Александра Бушен - Молодой Верди. Рождение оперы
— Никогда в жизни не могла бы представить себе такого про маэстро Россини, — сказала донна Каролина.
— Как все это непонятно, — сказала Клара, — и сложно, и страшно.
— То, что вы говорите, доктор, наводит на размышления, — озабоченно сказал Босси. И попытался сослаться на законы наследственности, но никак не мог ясно выразить свою мысль. Алипранди пришел ему на помощь. — Не будем отвлекаться в неисследованные дебри, — сказал он. — Наследственность не при чем. Родители маэстро были люди вполне здоровые и уравновешенные. — И напомнил, что отец композитора, городской трубач, человек малограмотный, был убежденный республиканец и отважный патриот, принимал участие в революционном движении и не раз сиживал в тюрьмах. — А вот Джоаккино — тот с раннего детства воспринимал революционные события с непреодолимым ужасом и нескрываемым отвращением.
— А что говорил на это отец? — спросила донна Каролина. — Мальчишка был, очевидно, отъявленным трусом.
— Не только это, — сказал Алипранди, — он был смышлен и сообразителен не по годам, маленький Джоаккино, и он воспринимал революционные события как бедствие для себя и семьи, как помеху, лишающую его и его семью куска хлеба и уверенности в завтрашнем дне.
— Каков эгоист! — засмеялась донна Каролина.
— Это ужасно! — сказала Клара. — Не смешно! Ужасно!
— Ничего не поделаешь! — Алипранди говорил тоном извинения. Он жалел, что так огорчил Клару. — Ничего не поделаешь! Такова особенность характера маэстро. Гипертрофированная впечатлительность породила в нем величайший эгоизм. Ничего не поделаешь! Таким он был в детстве, таким и остался на всю жизнь.
— Хорош, нечего сказать! — протянула донна Каролина. — Но это действительно так. Я припоминаю теперь, что слышала о том, как он во время апрельских событий 15-го года в Болонье написал музыку к «Гимну Независимости». Это рассказывал мой отец. Я была тогда совсем маленькой девочкой, но очень хорошо помню, как он рассказывал об этом. Маэстро написал музыку к гимну против своей воли, написал только из страха перед болонскими патриотами, которые просили его об этом. Маэстро было тогда двадцать три года, и имя его гремело по всей Европе. Он не посмел отказать болонцам, этим бесстрашным, самоотверженным людям — они стали бы презирать его за это. Но впоследствии, когда вернулись австрийцы и все было подавлено, а он успел бежать, маэстро чуть ли не отрекся от того, что писал этот гимн, и говорил об этом, посмеиваясь и иронизируя. Говорил, что слово «независимость»— indipendenza — чудовищно и невозможно для пения.

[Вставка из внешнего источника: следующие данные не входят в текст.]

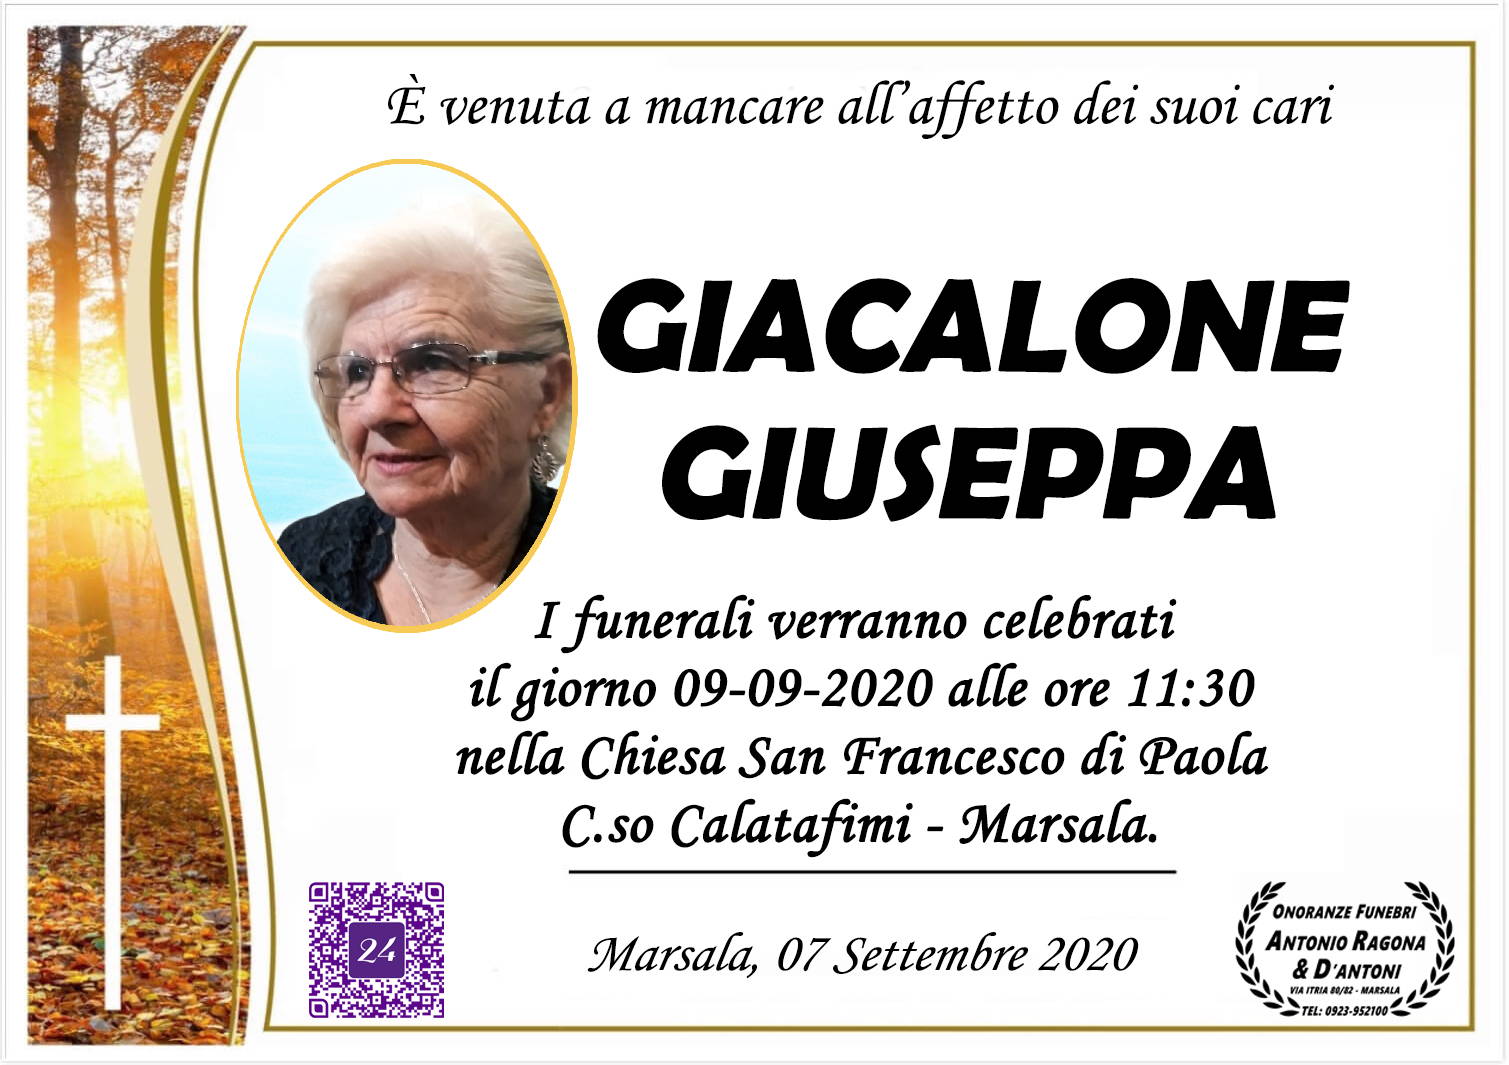 Giuseppa Giacalone

— Да, да, — сказал Алипранди, — уже и тогда можно было предположить, что не в общественных событиях найдет маэстро стимул для творчества.
— Не понимаю, — сказала донна Каролина, — почему я не могу назвать маэстро плохим патриотом и почему, когда я рискнула это сделать, на меня напали? — она украдкой поглядывала на синьора Мартини, как бы вызывая его на разговор. Но он сидел неподвижно, с котенком на руках, низко опустив голову на грудь, и, казалось, ничего не слышал.
— Это же странно все-таки, — возмущалась донна Каролина. — Вот композитор, который вышел из народа, из самых что ни на есть народных низов, жил в бедности, видел и ощущал угнетение и унижение своей родины. И этот великий композитор не может уловить и запечатлеть в своем творчестве тех чувств и стремлений, которыми живет его страна и живет его народ. Почему это так?
— Не эти чувства его волновали, — сказал Алипранди, — не к ним он тяготел, не ими жил.
— Но все-таки это странно! — настаивала донна Каролина. — Странно и непонятно! Клара, дорогая, а ты как думаешь? Чем это объяснить, если не тем, что он плохой патриот?
— Судьба, — сказал Алипранди, — сыграла с маэстро трагическую шутку. Годы его выхода на театральную сцену, годы, когда он стал проявлять себя как музыкант-композитор, совпали с теми годами, когда вопросы искусства перестали быть у нас вопросами чисто эстетическими, вопросами вкуса, вопросами школ и направлений; годы его творческой деятельности совпали с теми годами, когда жизнь породила особенно глубокие мысли и особенно страстные чувства и потребовала их выражения в искусстве, и особенно сильно потребовала их выражения в музыке. Потому что музыка, как известно, любимейшее искусство нашего народа, общий для всех и всем понятный язык, которым народ наш заявляет о своем праве на независимость и — скажу прямо — о своем могуществе.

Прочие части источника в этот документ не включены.